Facebook speech falsely claims massive vote fraud
The speech by Donald Trump posted on his personal Facebook page Wednesday afternoon was a declaration of war on American democracy. It was a scarcely veiled call for a right-wing insurrection to overthrow the election results and maintain in the White House a president who has been repudiated by the American people.
The 46-minute diatribe, which Trump called "the most important speech I've ever made," embraced all the bogus charges of vote fraud, ballot-stuffing and the use of computer software to "switch" votes promoted by Trump lawyers Rudy Giuliani, Jenna Ellis and Sidney Powell over the past three weeks. These allegations have been laughed out of court for lack of any shred of evidence, in state after state, by Republican and Democratic judges alike.
Trump declared that the November election was "rigged" and demanded that the US Supreme Court intervene to overturn the results in all the battleground states, declare him the winner, and award him their electoral votes and thus a second term as president.
However, the main purpose of the speech, which brands the Democratic Party and most state election officials as criminals, was to incite Trump's most fervent followers to stage violent attacks against anyone targeted by the would-be fuhrer in the White House. Denouncing those who "desire to hurt the president of the United States," Trump demanded that "something should happen." He added, "These entrenched interests oppose our movement, because we put America first."
The language of the speech, and its sweeping and anti-democratic line of argument, suggest that it was written by Stephen Miller, the spearhead of Trump's war on immigrants, perhaps with an assist from Steve Bannon, Trump's former top political counselor. Miller and Bannon have been the leading advocates for Trump to transform the Republican Party into an openly fascistic movement, with himself as its boss, whether inside or outside the White House.
White House officials indicated that Trump recorded the speech last week, before Attorney General William Barr, one of his most obedient political servants, conceded in an interview Tuesday: "To date, we have not seen fraud on a scale that could have effected a different outcome in the election." That admission alone demonstrates that Trump's speech was devised on the principles of Hitler and Goebbels: the bigger the lie, the better.
The timing of the speech's release was significant. It came barely 24 hours after a press conference where a top Georgia election administrator, a longtime Republican loyalist, made an extraordinary public denunciation of Trump personally, blaming him for mounting threats of violence. Gabriel Sterling cited the noose left at the home of one election IT worker and thousands of death threats directed at Secretary of State Brad Raffensperger, Raffensperger's wife, Sterling himself and many others involved in counting and tabulating votes in the state.
Sterling's comments blamed Trump explicitly. "Mr.
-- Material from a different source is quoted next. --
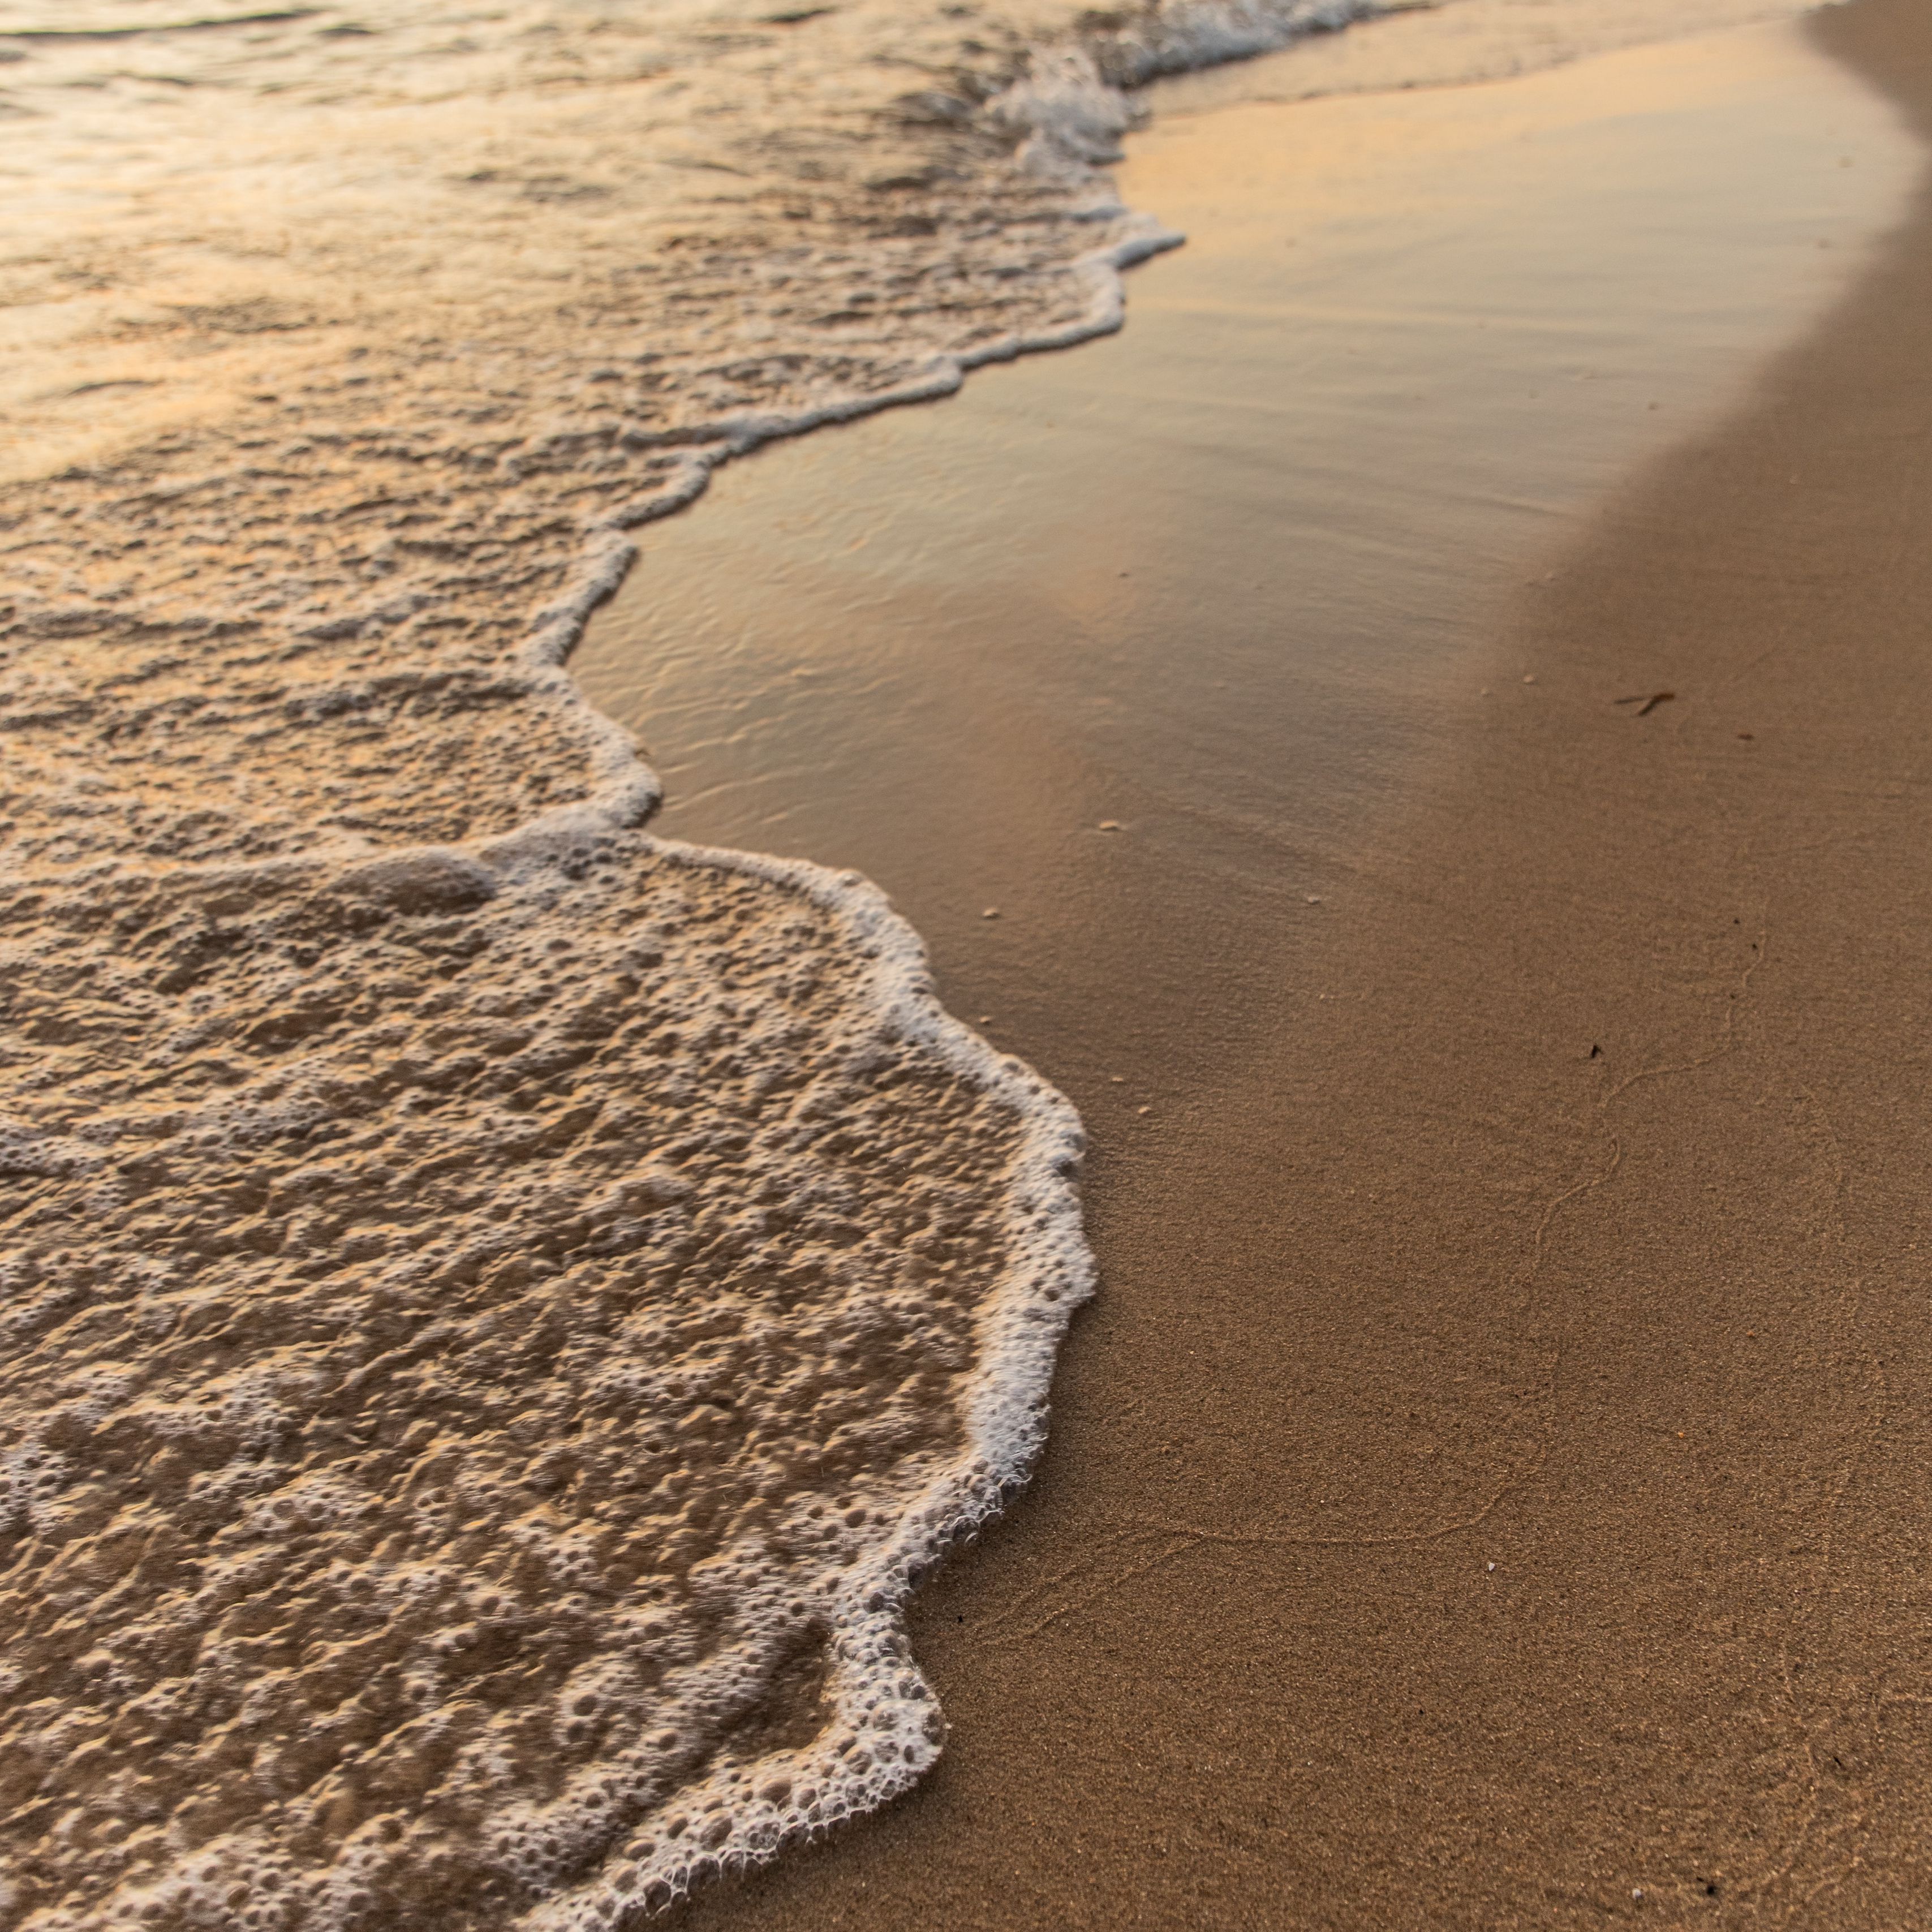 A wave rolls onto the sand at the beach. - Coast, beach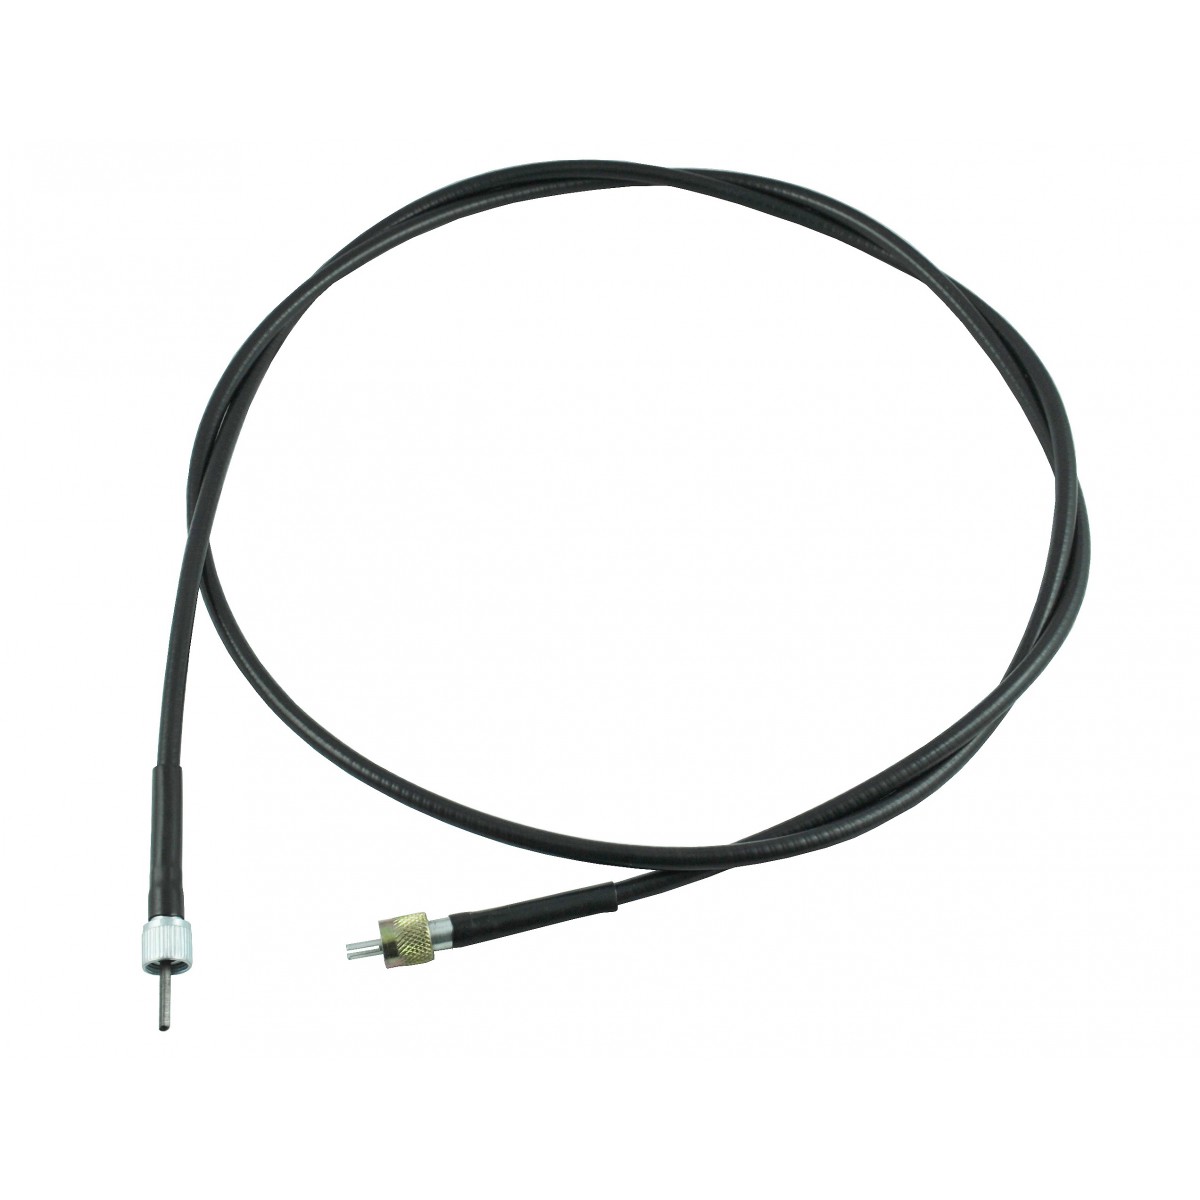 Cable cuentarrevoluciones L-1860 mm M12x1-M11x1 Yanmar FX335

President, you have not condemned this language or these actions," he said. "This has to stop." He also denounced Georgia's two Republican senators, who have both called for Raffensperger's resignation and backed Trump's attack on Georgia's conduct of the Nov. 3 election.
"Senators, you have not condemned this language or these actions," he said. "Stop inspiring people to commit potential acts of violence." Sterling said Trump appeared to have lost Georgia's 16 electoral votes -- he trails Biden by about 13,000 votes after two recounts -- while the two Republican senators each failed to gain a majority and will face Democratic challengers in a runoff election on Jan. 5.
The Georgia Republican official also condemned comments by Joe diGenova, a lawyer for the Trump campaign, who called for former federal cybersecurity chief Christopher Krebs to be "shot at sunrise" because he declared there had been no successful hacking of the vote. "Someone's going to get hurt," Sterling concluded. "Someone's going to get shot. Someone's going to get killed."
In the context of this criticism, which dominated US media coverage of the election aftermath for 24 hours, Trump's Facebook speech has a clear meaning: he is deliberately encouraging the violence against which Sterling and other officials have warned.
There is a dialogue taking place between the criminal in the White House and his most violent and reactionary followers outside it. On Tuesday, the Washington Times, the ultra-right daily newspaper in the US capital, published a full-page ad purchased by an Ohio-based fascist group, the We The People Convention, calling on Trump to declare martial law and order a new election under the supervision of the US military.
The ad denounced the "threat to our United States by the international and domestic socialist/communist left," warned of the existence of "well-funded, armed and trained marxists in ANTIFA and BLM strategically positioned in our major cities," and denounced the election as "corrupt and provably fraudulent."